Ein Blatt wirbelte durch das offene Fenster hinein und ließ es raschelnd über den Boden tanzen. Der Wind heulte und pfiff klagend zwischen den Ästen der Bäume umher.

»Und was«, murmelte Lou so leise, dass der Wind sie beinah übertönte »bedeutet das?«
Mit vor Freude funkelnden Augen blickte Kean sie an. »Na, das er uns im Kampf gegen König Ravitan helfen will. Ich habe in meinen Traum mit den Drachen gesprochen«. Über die maßlose Begeisterung in seiner Stimme musste Lou leise schmunzeln. »Er meinte, wir sollen so schnell wie möglich zu ihm kommen, weil er uns etwas Wichtiges zu sagen hätte«, er runzelte die Stirn bevor er fort fuhr: »Ach ja die beiden Seelenklopfer sollen wir auch mitbringen. Ich weiß zwar nicht warum, aber was soll's«.

Nachdenklich neigte Lou den Kopf, nickte und fragte: »Und wann meinst du sollten wir aufbrechen?«, als sie den Blick wieder hob schimmerte Sorge in ihren Augen. »Es ist ein weiter Weg nach Draona ... und wir müssen vor Ablauf der Frist des Königs wieder hier sein«, murmelte Lou mehr zu sich selbst und kaute auf einer Haarsträhne herum. »Wie stellt der Drache sich das vor?«
Aufmerksam blickte Kean Lou in die Augen. »Dazu wollte ich noch kommen Lou«, mittlerweile hatte seine Stimme wieder die gewohnte Ernsthaftigkeit zurück gewonnen. »Der Drache hat mir gesagt, wo wir vier Windhengste finden«, fuhr er fort. »Die Hengste sollen uns erst nach Surlmaru bringen. Dort sollen wir mit der Königin sprechen die uns, wie mir von Seiten des Drachens versichert wurde, Hilfe zukommen lassen wird. Dann reiten wir nach Draona, treffen dort den Drachen und dann bringen uns die Windhengste wieder zurück«.

Grinsend blickte Lou ihren Offizier an. So kannte sie Kean. Immer alles zuverlässig und genau geplant.

Was der Drache wohl wollte überlegte Lou. Warum hatte er sich, ausgerechnet jetzt dazu entschieden ihnen zu helfen? Wie auch immer, die mächtigsten Echsen der Welt würden in ihrer Allwissenheit schon die richtige Entscheidung treffen.

Gut«, gähnte sie und streckte sich. Ein wenig aufgeregt war Lou schon, auch wenn sie es gekonnt überspielte. »Dann sag bitte den Zwillingen Bescheid, dass wir bei Morgengrauen aufbrechen«.

Die Sonne färbte den Himmel über dem Meer in ein blutiges rot. Der Nebel, der wie ein feiner Silberschleier über den stahlgrauen Wellen hing, hatte sich beinah vollständig verflüchtigt. Der grobkörnige Sand knirschte unter Lous Lederstiefeln. Die Luft war erfühlt vom Rauschen und Schäumen des Meeres. Die Luft schmeckte nach Salz und der Geruch von Fisch wehte über den kargen Strand. Die Schreie der Möwen mischten sich in das Heulen des Windes, welcher an den schroffen Küstengegenden von Jarana nahe zu immer unbarmherzig heulte.

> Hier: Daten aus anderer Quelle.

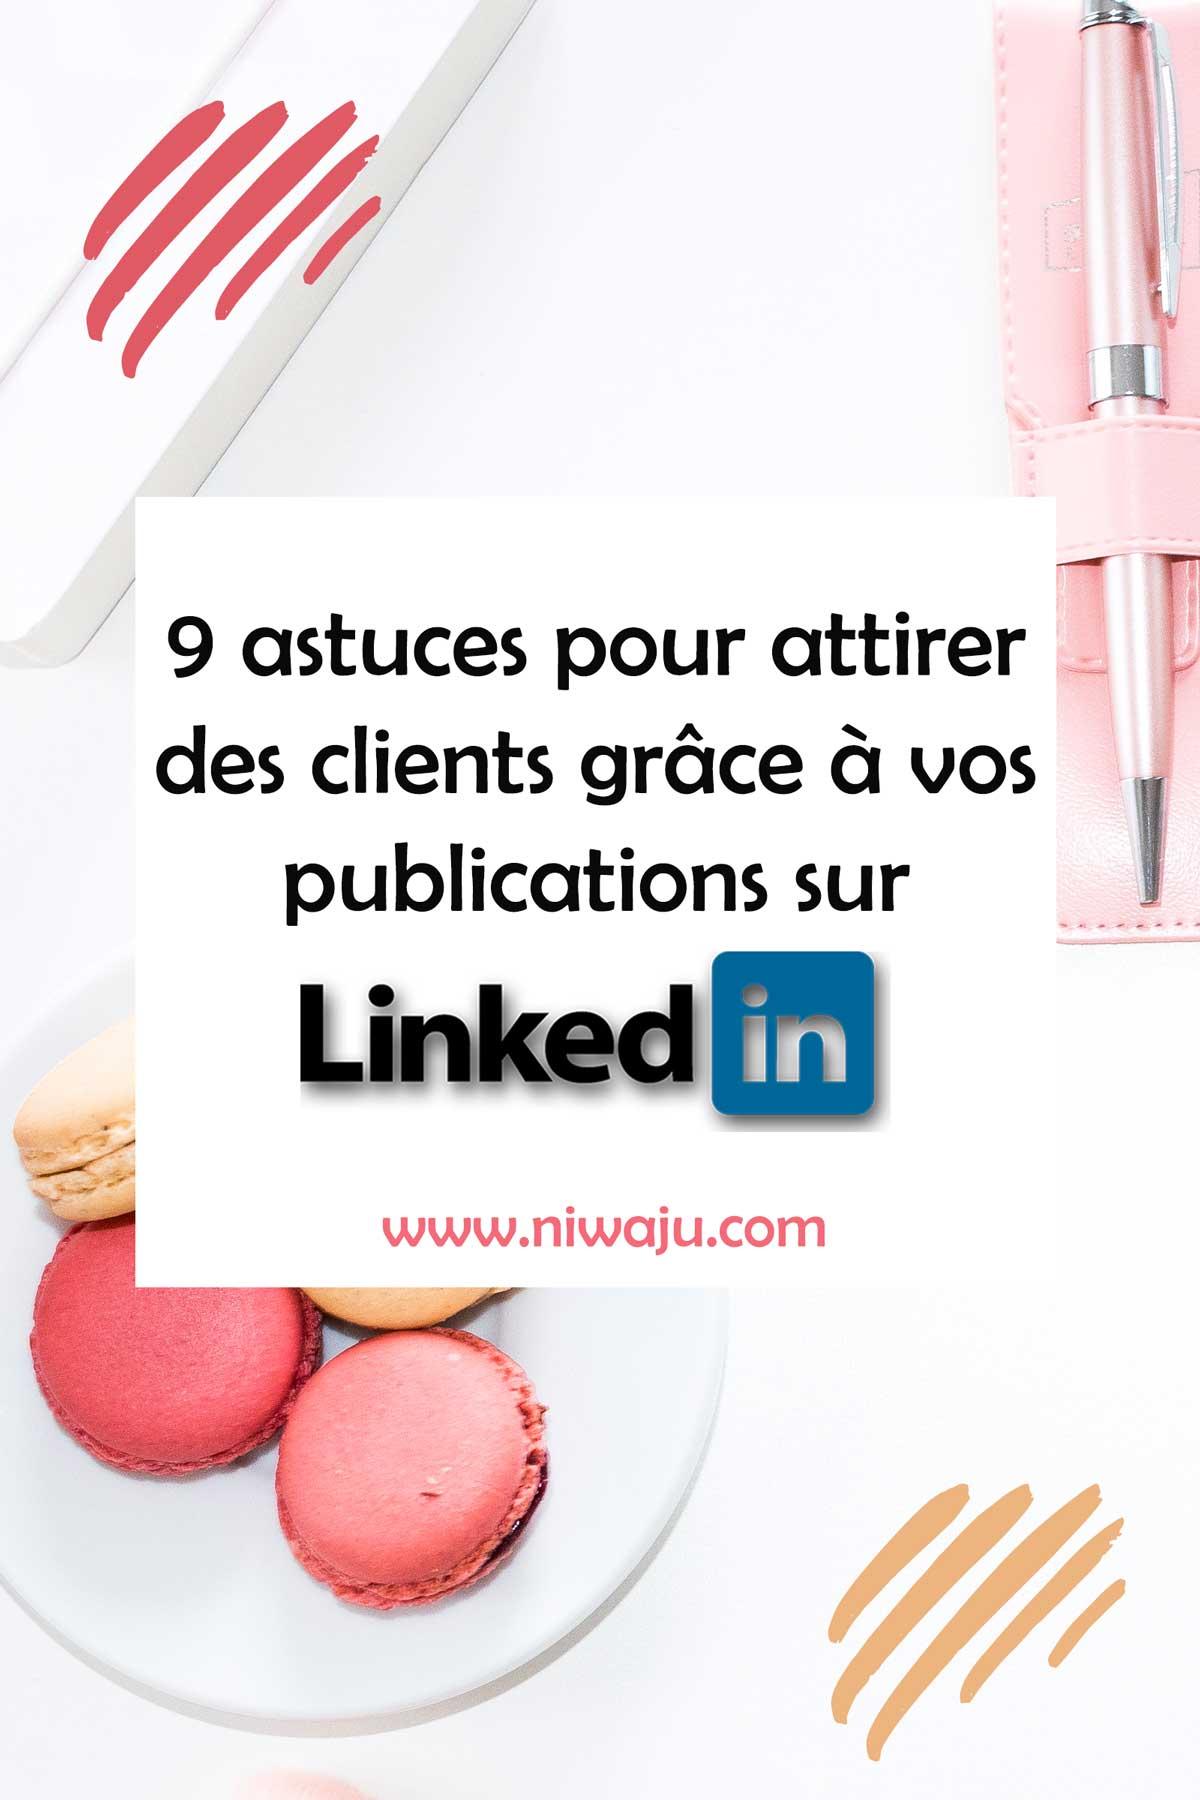 LinkedIn : 9 astuces pour attirer des clients grâce à vos publications
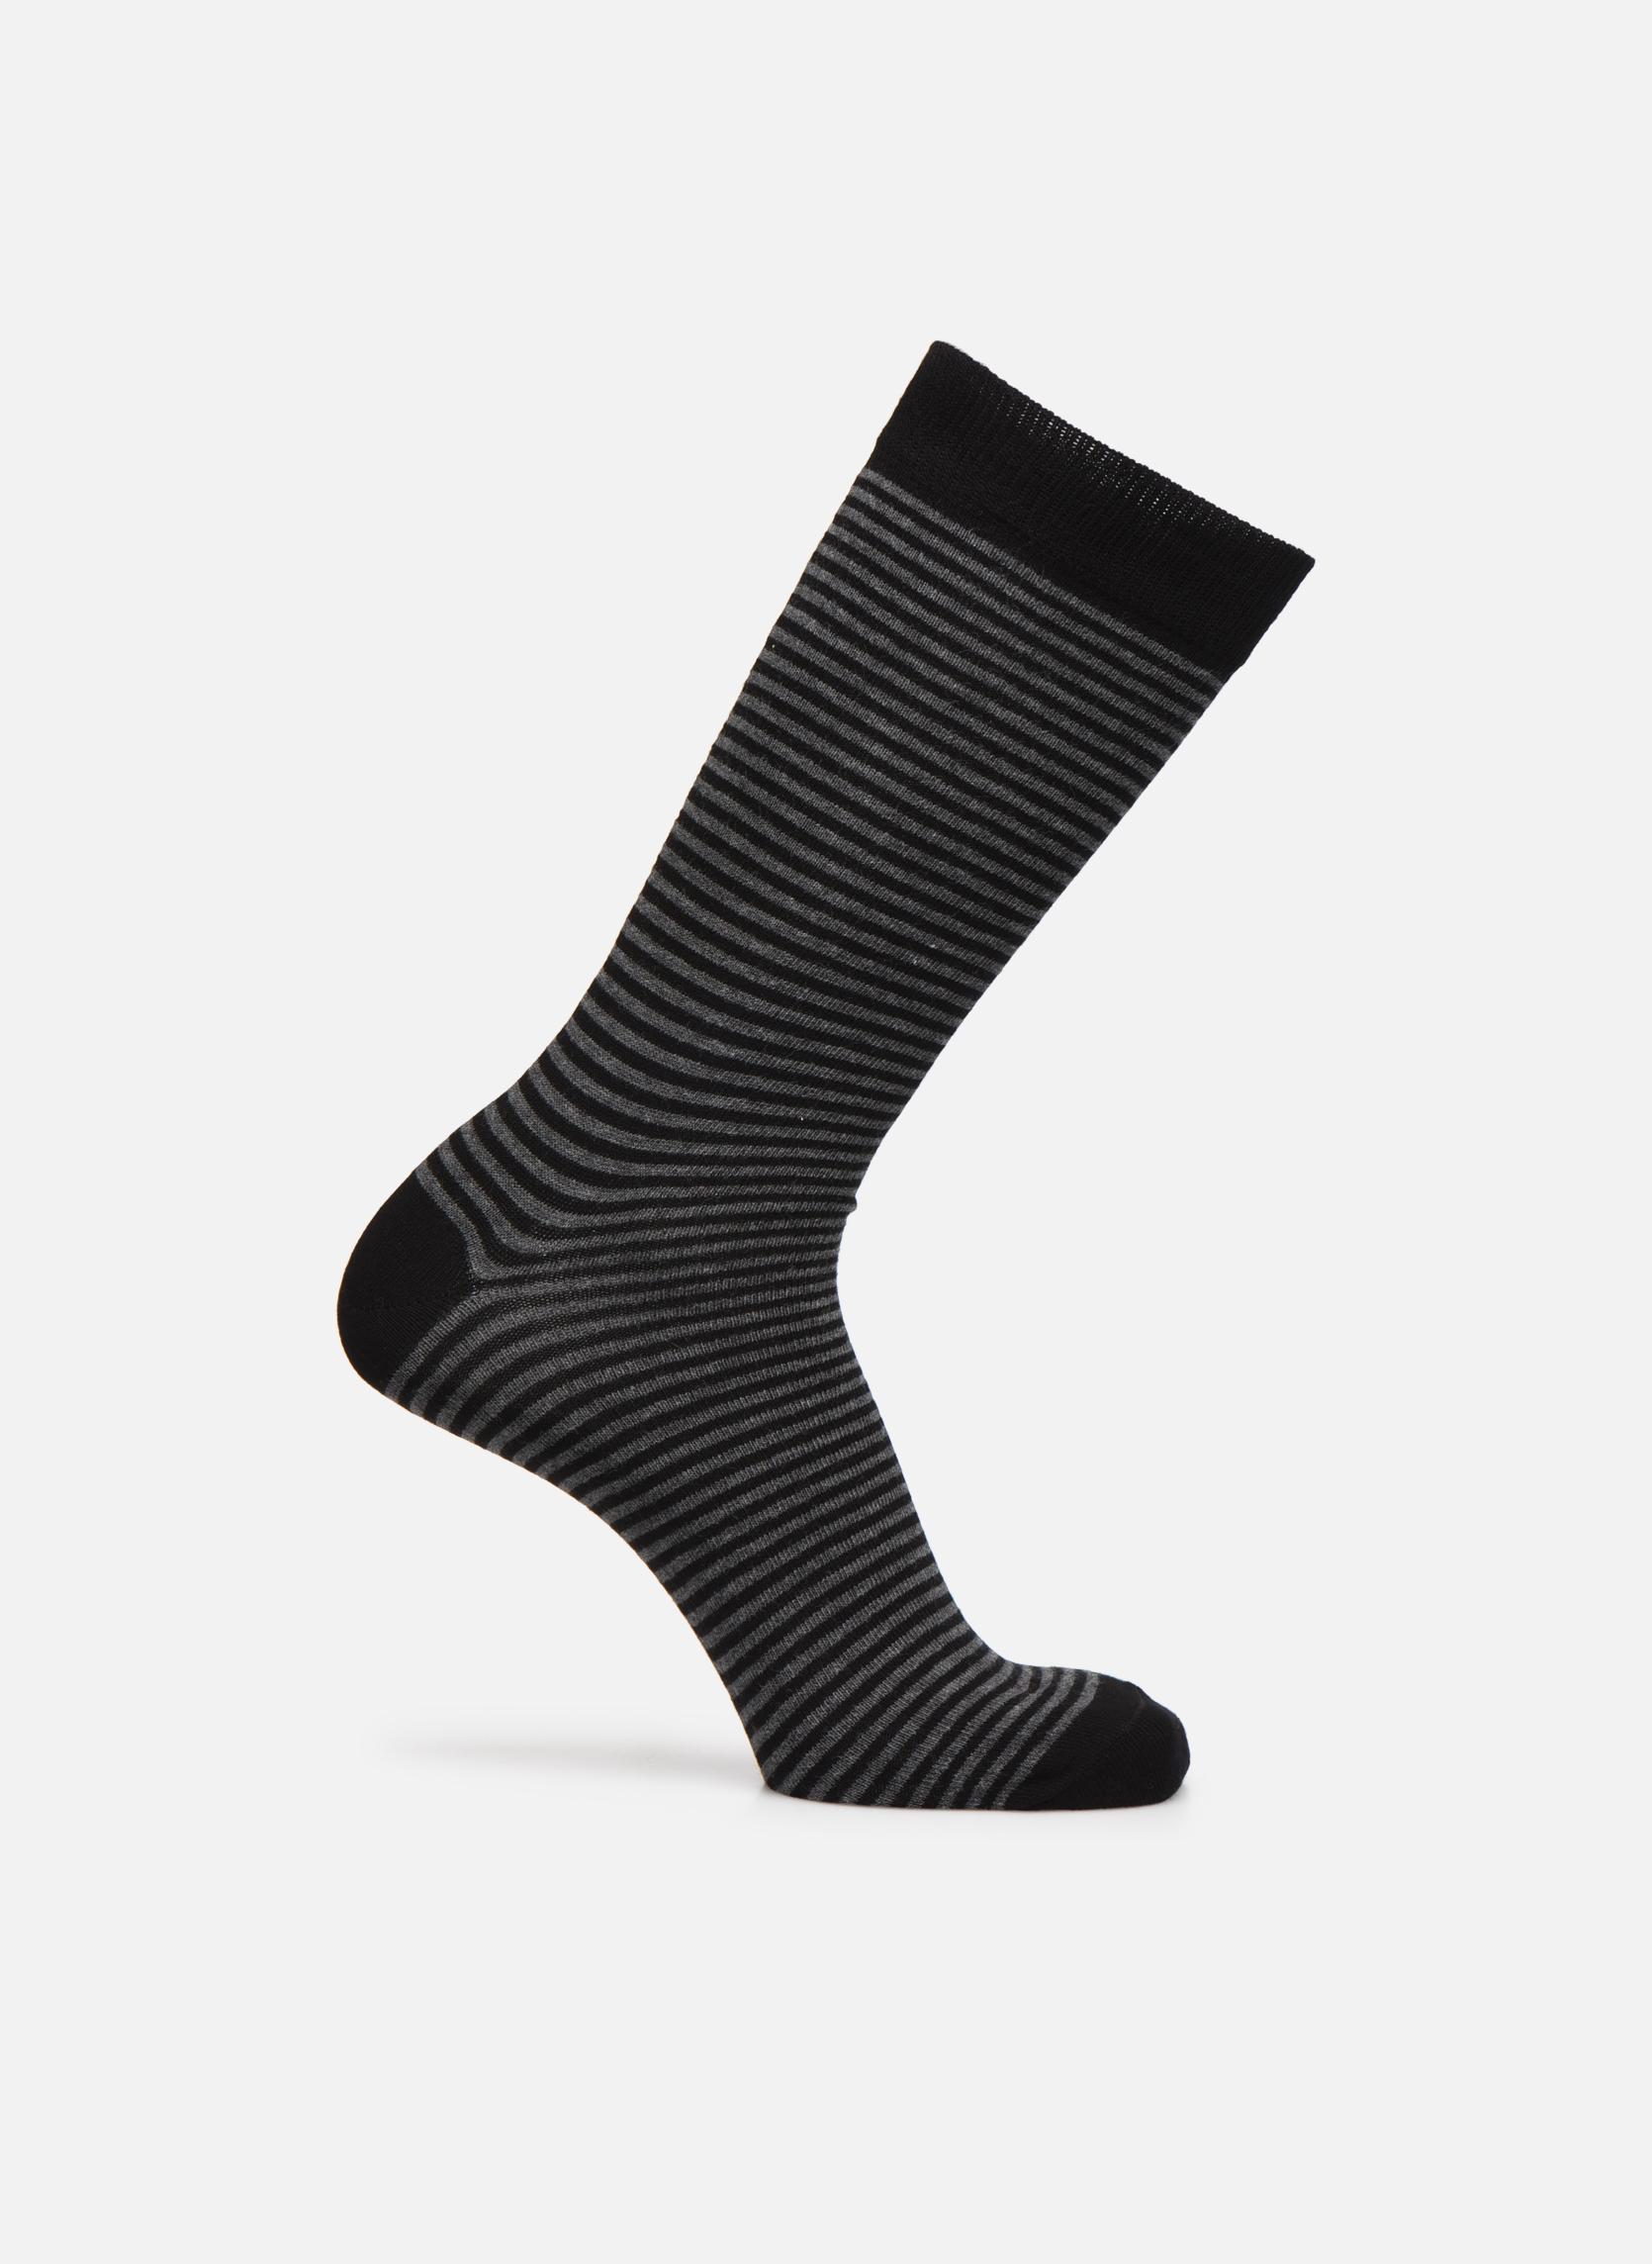 Chaussettes FINE STRIPES 093 - noir / gris

Die Zwillinge sahen immer noch etwas kränklich aus, schienen sich aber von der Nutzung ihrer Gabe weitestgehend erholt zu haben.

Neben einen schroffen Schieferbrocken standen vier große, eisgraue Hengste. Mähne und Schweif waren schneeweiß und lockig. Windhengste. Die schnellsten Pferde unter der Sonne. Einer der Hengste schnaubte leise und scharrte mit den Hufen im Sand. Die klugen, dunklen Augen der Tiere vermittelten den Eindruck als würden sie gerne so schnell wie möglich verschwinden. Was ja auch kein Problem werden dürfte. Schließlich konnten Windhengste, dank ihrer magischen Fähigkeiten, fliegen. Dass sie hier auf sie warteten, um sich reiten zu lassen, lag sicherlich nur daran, dass der Drache auch mit ihnen gesprochen hatte. Für gewöhnlich ließen Windhengste es nicht zu, dass Menschen sich ihnen auch nur näherten.

Langsam trat Lou auf einen der Windhengste zu. Die großen, dunklen Augen des Hengstes folgten ihr. Dann kniete der Windhengst sich in den fechten Sand und ließ Lou aufsteigen.
Das Fell des Tieres war seidenweich. Als er sich wieder aufrichtete wäre Lou beinahe von seinem Rücken gerutscht.

Mit funkelnden Augen drehte Lou sich zu Fura, Liam und Kean um. »Na, dann mal los. Je eher wir aufbrechen umso schneller sind wir in Surlmaru!«, rief sie übermütig.